> Task instructions
Quote exactly and only this range of lines in the data below: the line that holds "Timeless Design Via" to the line that holds "Find 105 series", both included.

> Excerpted data
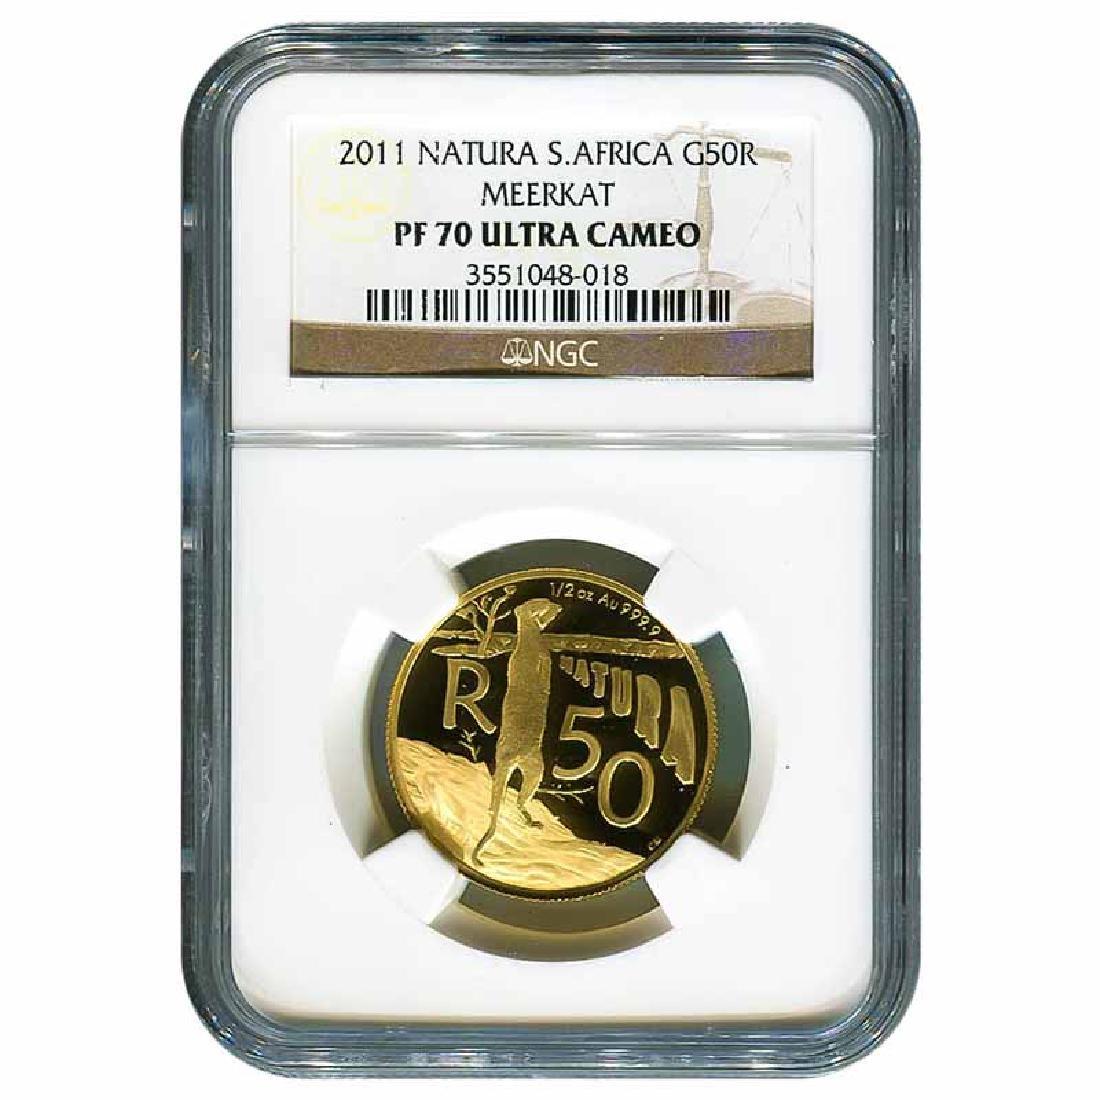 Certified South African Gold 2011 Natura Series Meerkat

---

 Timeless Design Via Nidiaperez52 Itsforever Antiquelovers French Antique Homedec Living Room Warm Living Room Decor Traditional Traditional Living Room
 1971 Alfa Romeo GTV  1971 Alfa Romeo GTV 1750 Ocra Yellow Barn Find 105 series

...

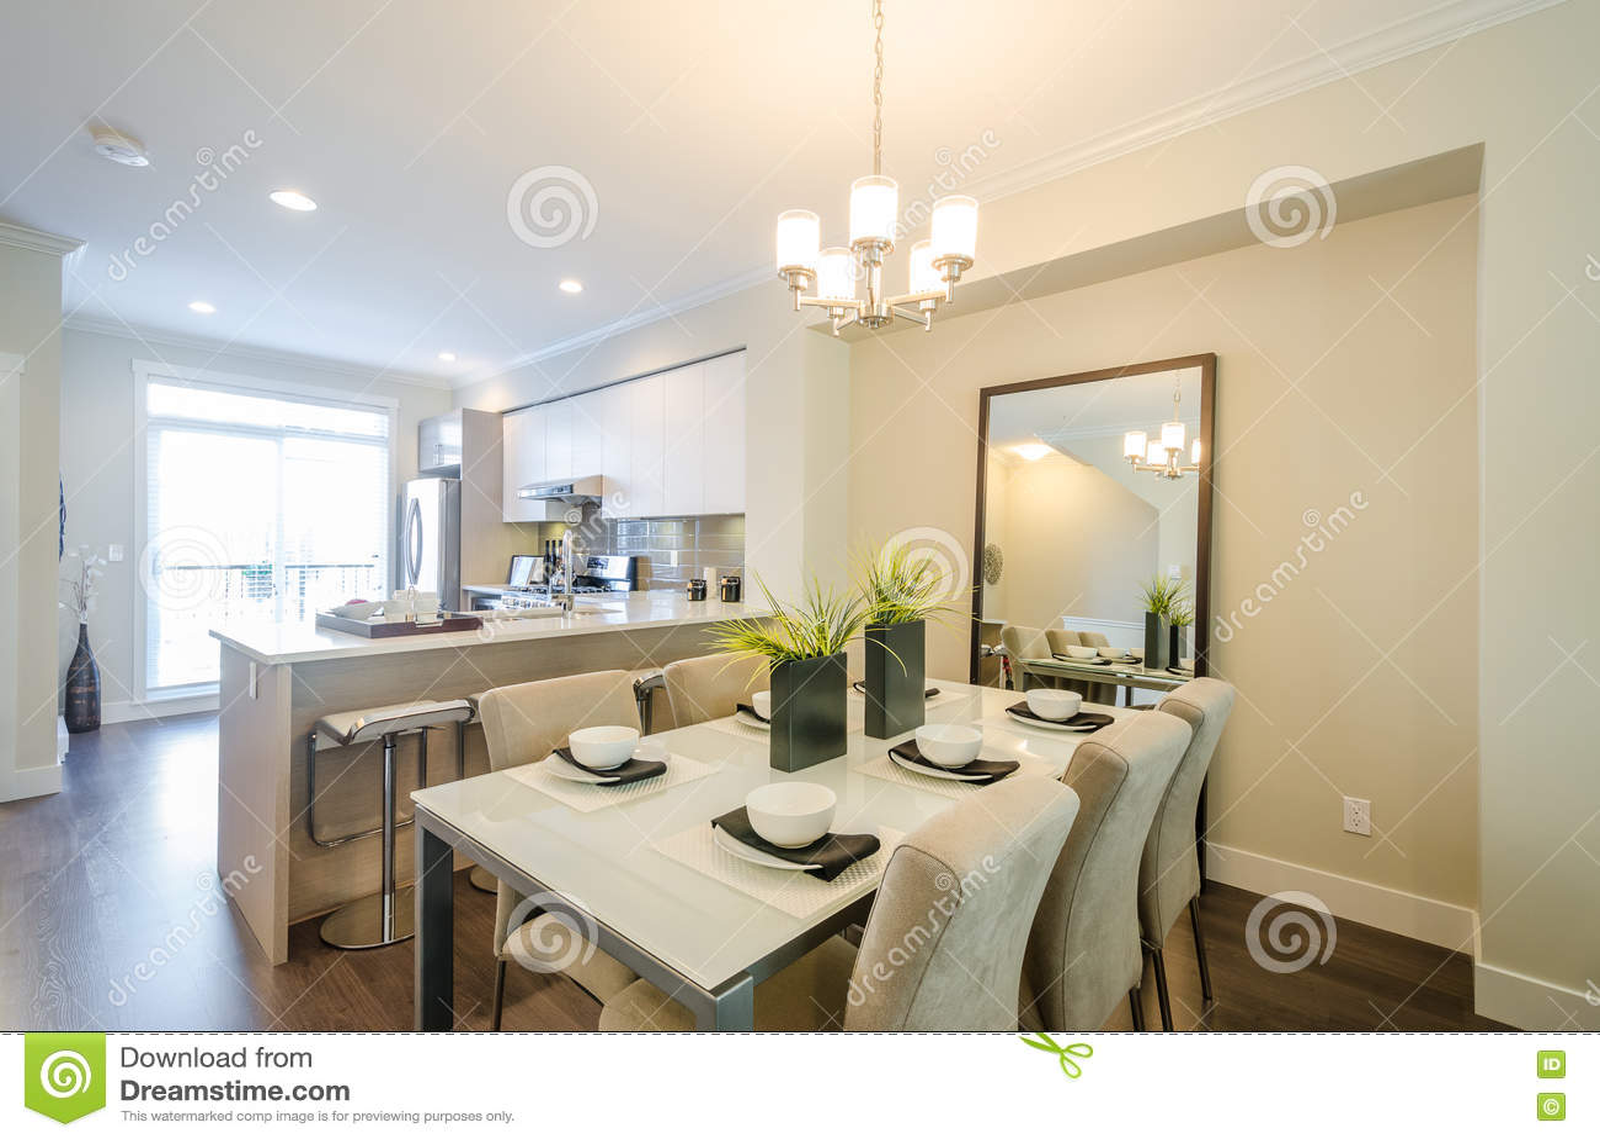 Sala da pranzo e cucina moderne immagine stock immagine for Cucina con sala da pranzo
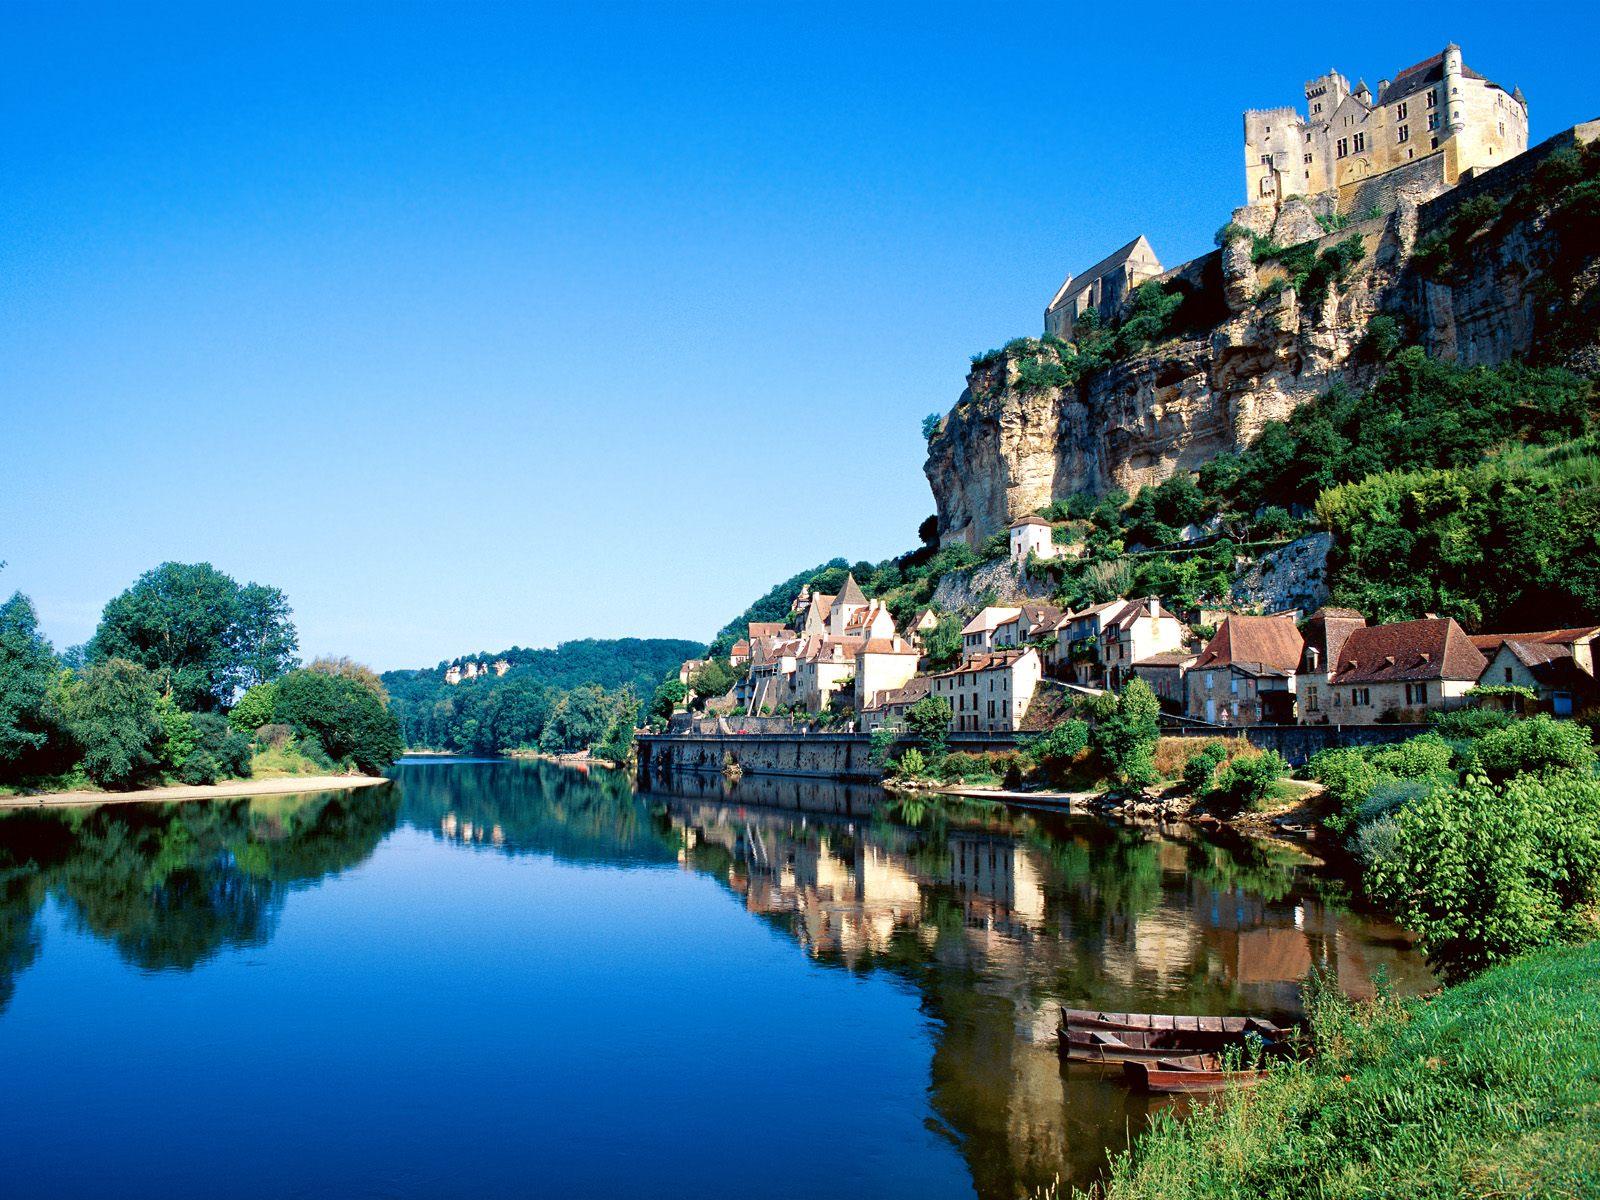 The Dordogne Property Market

> Answer for this exercise
 Timeless Design Via Nidiaperez52 Itsforever Antiquelovers French Antique Homedec Living Room Warm Living Room Decor Traditional Traditional Living Room
 1971 Alfa Romeo GTV  1971 Alfa Romeo GTV 1750 Ocra Yellow Barn Find 105 series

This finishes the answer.